The demand for AI training is currently high, but the real demand will be in the inference market.
A company that trained their model using 10,000 A100 GPUs may need a million GPUs within one to two years of launch to support the entire inference demand.
There is a shortage of GPU infrastructure globally, posing a challenge for scaling AI models.
Hyperscalers like Amazon, Google, and Microsoft are slowly ramping up their infrastructure with H100 chips.
Access to H100 chips for hyperscalers is expected to begin in late Q3.

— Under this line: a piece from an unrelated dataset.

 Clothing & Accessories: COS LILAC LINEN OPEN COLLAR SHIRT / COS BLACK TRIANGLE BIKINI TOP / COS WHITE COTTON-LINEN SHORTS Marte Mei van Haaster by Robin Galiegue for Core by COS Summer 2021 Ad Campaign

Infrastructure Challenges and NVIDIA's Dominance

26:55 - 33:55

Infrastructure for the H100 chipset is being built across 10 data centers in the US.
Hyperscalers are expected to start delivering scale access to the H100 chipset in late Q3 or even later due to the complexity of building a different type of compute infrastructure.
The adoption rate of AI software may outpace the ability to scale infrastructure, leading to a supply-demand imbalance.
NVIDIA chips still dominate the AI market due to their established ecosystem and support within the machine learning community.
NVIDIA's advantage extends beyond GPUs and includes components like Infiniband fabric, making it difficult for other companies to displace them as the standard for AI infrastructure.
While hyperscalers have significant resources, other factors like expertise and ecosystem play a role in determining market position.

CoreWeave's Efficiency and Competitive Advantage

33:28 - 40:52

CoreWeave's cloud is 40-60% more efficient than hyperscalers on a workload adjusted basis.
Trillion dollar companies like hyperscalers have the budget and personnel to offer AI, but it requires foundational changes in their business.
It would take years for hyperscalers to catch up to CoreWeave's market share and product differentiation.
CoreWeave started in Ethereum mining but pivoted into the AI space due to lack of competitive advantage in mining.

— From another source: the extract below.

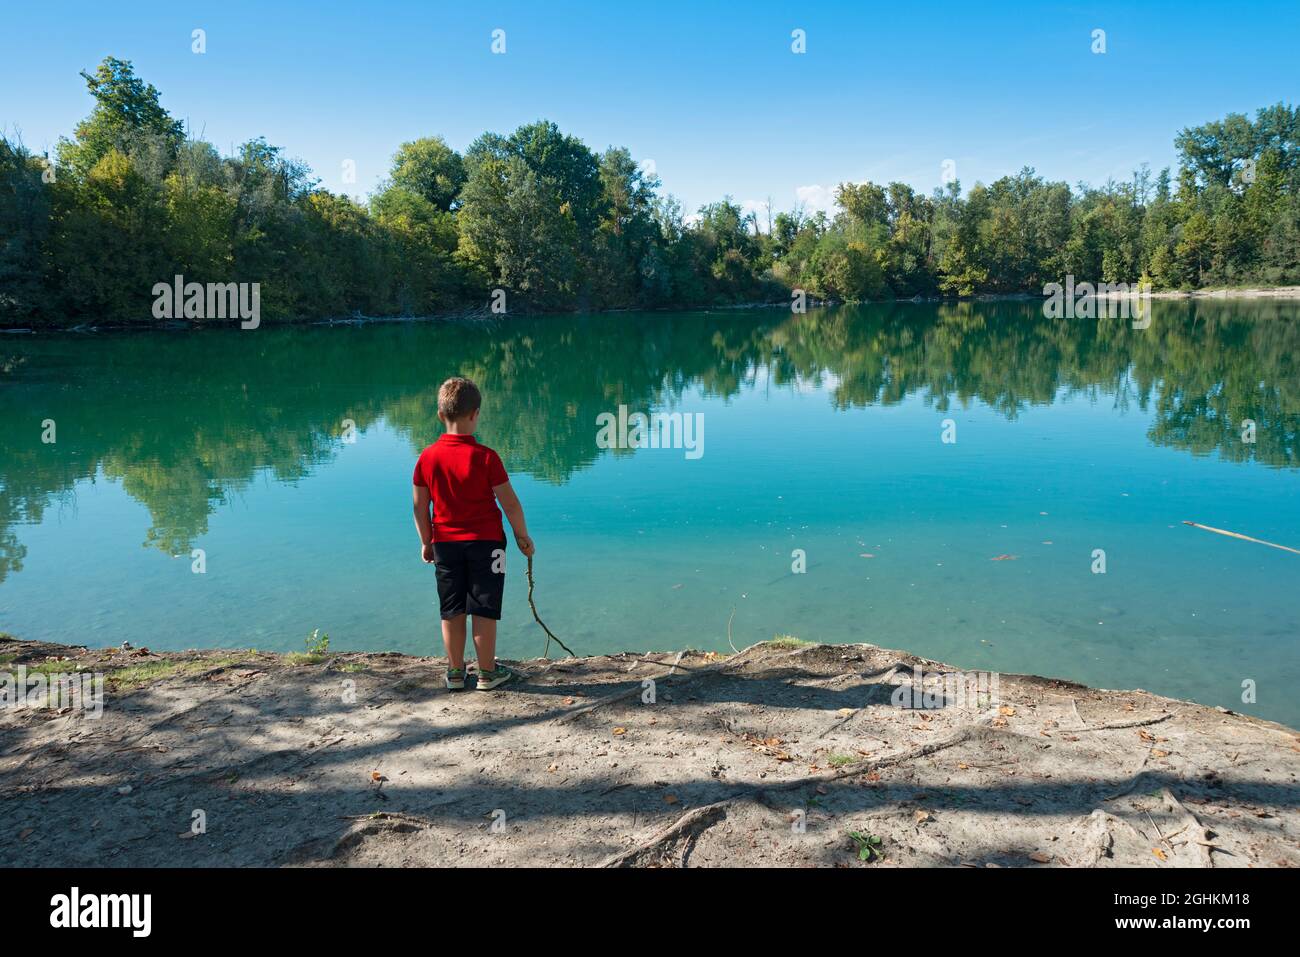 Italy, Lombardy, Ricengo, Lake of the Reflections, Chosen by the Director Luca Guadagnino for the Bathroom Scene of the Film Call Me by Your Name Stock Photo

Challenges in Repurposing Crypto GPUs for AI Workloads

40:25 - 47:27

There is no moat or advantage that could be created relative to competitors.
Producing own chips could provide an advantage, but it was not pursued.
GPU compute was explored as a way to develop uncorrelated optionality into multiple high growth markets.
The company aimed for 100% utilization rate across infrastructure by switching between AI workloads and cryptocurrency mining.
Ethereum mining effectively ended in Q3 of 2022.
Running a CSP (Cloud Service Provider) is complex, requiring software development and enterprise-grade GPU chip sets.
Retail grade GPUs used for crypto mining are not suitable for enterprise-grade workloads.
Enterprise-grade workloads require low failure rates and continuous operation, which retail grade GPUs cannot provide.
Data centers used by crypto miners are not compatible with the requirements of enterprise AI workloads.
Repurposing crypto GPUs for enterprise AI workloads is challenging and requires expertise in converting data centers from tier zero/tier one to tier three/tier four.
Estimates suggest only a small percentage (5-15%) of crypto GPUs can be repurposed.
Access to chips requires building relationships with suppliers like Nvidia and maintaining long-term commitments.

Challenges in Meeting Demand and Supply Chain

46:59 - 54:21

The supply chain for accessing chips has become increasingly challenging, requiring long-term relationships and planning.
NVIDIA is fully allocated and unable to fulfill additional compute chip requests.
Building a GPU cluster now requires significant lead time, with Q1 and Q2 already booked up.
Critical components need to be ordered ahead of time to reduce infrastructure build time.
The pace of demand growth has caught everyone by surprise, making it difficult for infrastructure to keep up.

Uncertainty and Questions about AI Boom

54:01 - 57:37

The ease with which traditional cloud providers or data center providers can switch to different types of connectors and power is not trivial.
The big question is how quickly other hyperscalers can adapt and how big a moat Nvidia can build around this business.
There is uncertainty about whether companies building AI models will make money, which raises questions about the longevity of the AI boom.
Tech companies should make money, but the monetization of AI products may be trickier than expected.